In bringing these remarks to a close we must turn to Colossians 3:10, where we have the divine Objective of this great work of renewal, the Objective too which is to be before the hearts of all those who are the happy subjects of the renewing of the present time. Again, as in Ephesians 4, it is said of such, “They have put off the old man and have put on the new”; but it is added as to the new man, “Which is renewed in knowledge after the image of Him that created him: where there is neither Greek nor Jew, circumcision nor uncircumcision, Barbarian, Scythian, bond or free: but CHRIST IS EVERYTHING, AND IN ALL.” There it is! Our renewing is according to the image of Christ. No lower standard is put before us. He Himself is the image of God. Notice again how this renewing is connected with the mind. The reading should be “renewed into full knowledge.” How important it is, then, that our thinking should be in the divinely indicated direction. How many allow their thoughts to go far astray. The Apostle warns us of those who “mind earthly thing”; and he fears lest by any means, as the serpent deceived Eve by his craft, so our thoughts should be corrupted from simplicity as to CHRIST, for it is to Him we are espoused by divine grace (2 Cor. 11:2-3).

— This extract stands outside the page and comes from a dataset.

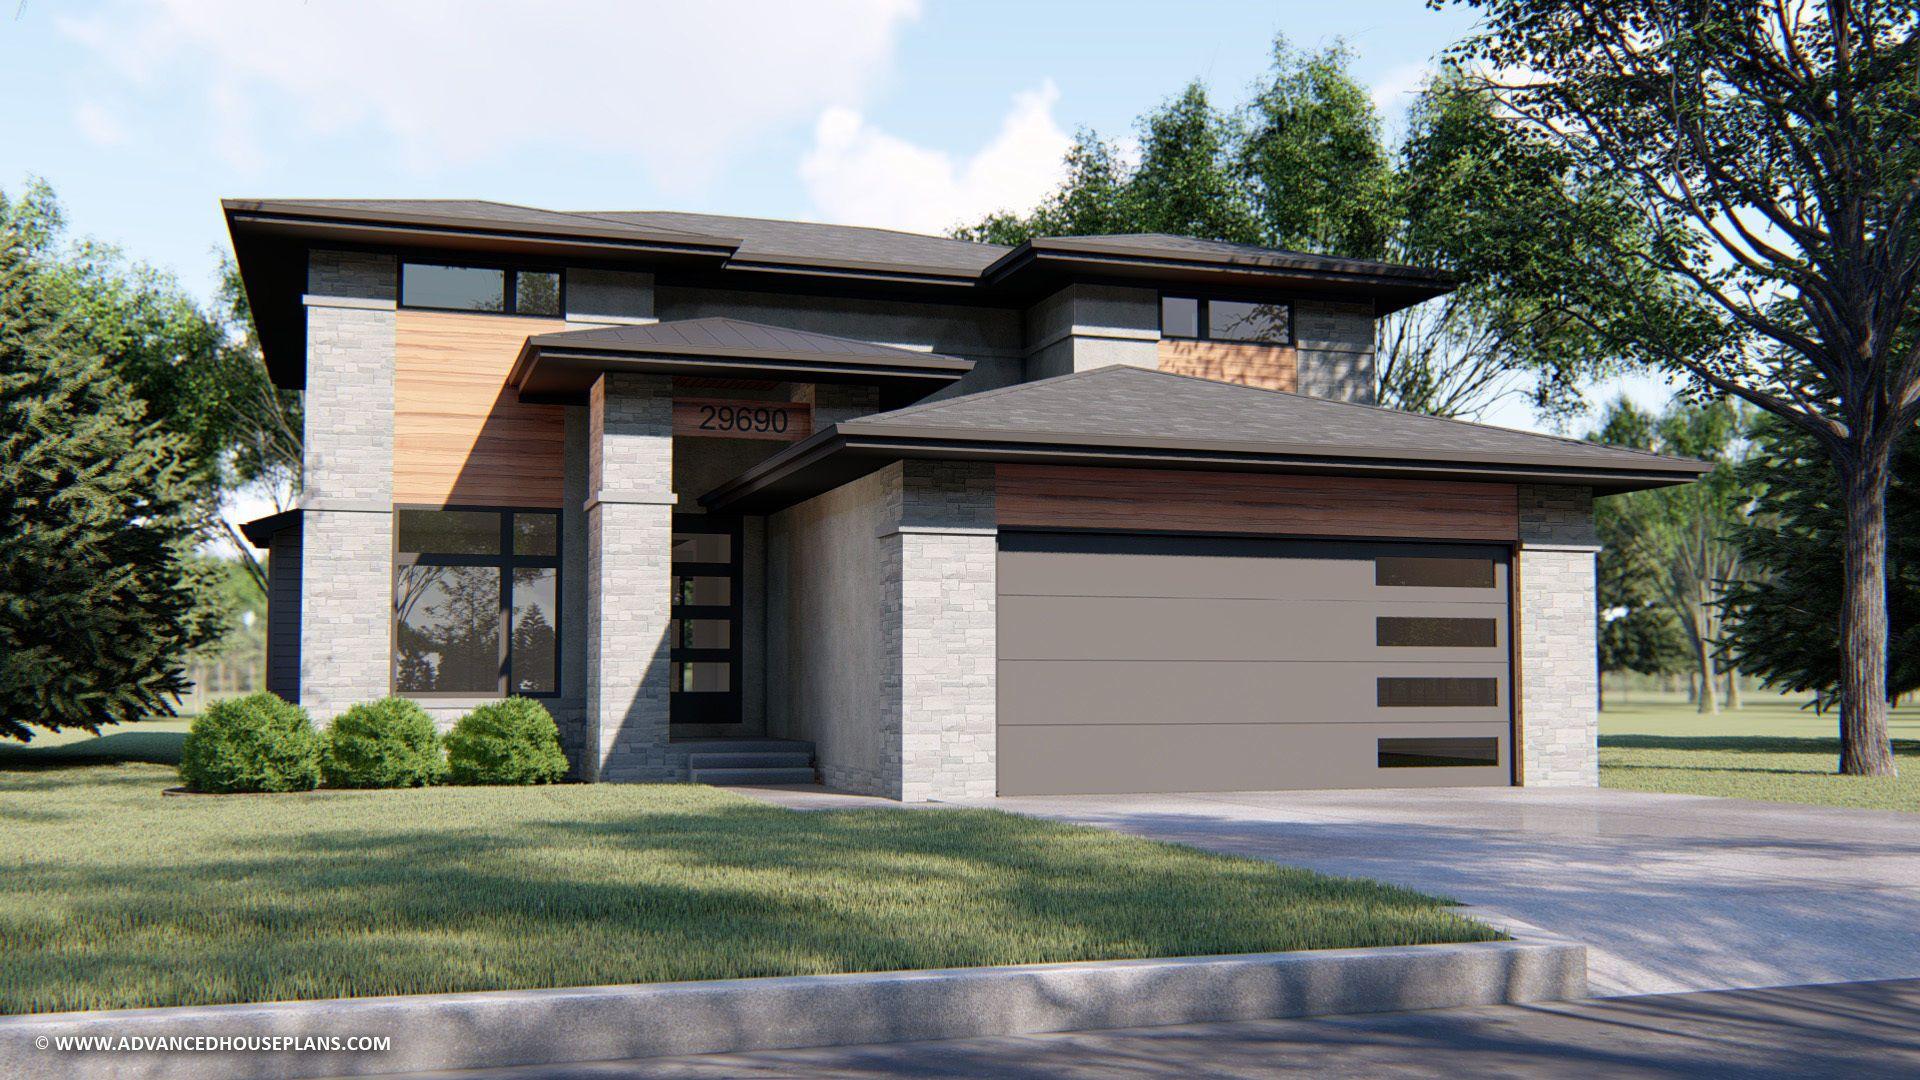 2 Story Modern Prairie Style House Plan Watkins In 2020

Our renewal, therefore, has in view Christ being “everything and in all”—the One who loved us and made us His own eternally through His sufferings and death; the One whose moral glory shines so perfectly in His lowly pathway, making God Himself known in His love and holiness; His grace and righteousness; His compassion, kindness and long-suffering; in His justice and mercy; telling out the “great love” wherewith He loved us at Calvary, when He became the propitiation for our sins. It is now that He is everything and in all in the new man, but soon the purpose of God shall be brought to its counselled perfection, and amidst the splendours of the glory of God all the saints shall shine in radiance divine, fully conformed to the image of God’s Son, with Himself the Centre of all, the joy of every heart, the praise of every mouth—“THE FIRSTBORN AMONG MANY BRETHREN.” Lord, hasten that day, for Thy name’s sake. Amen.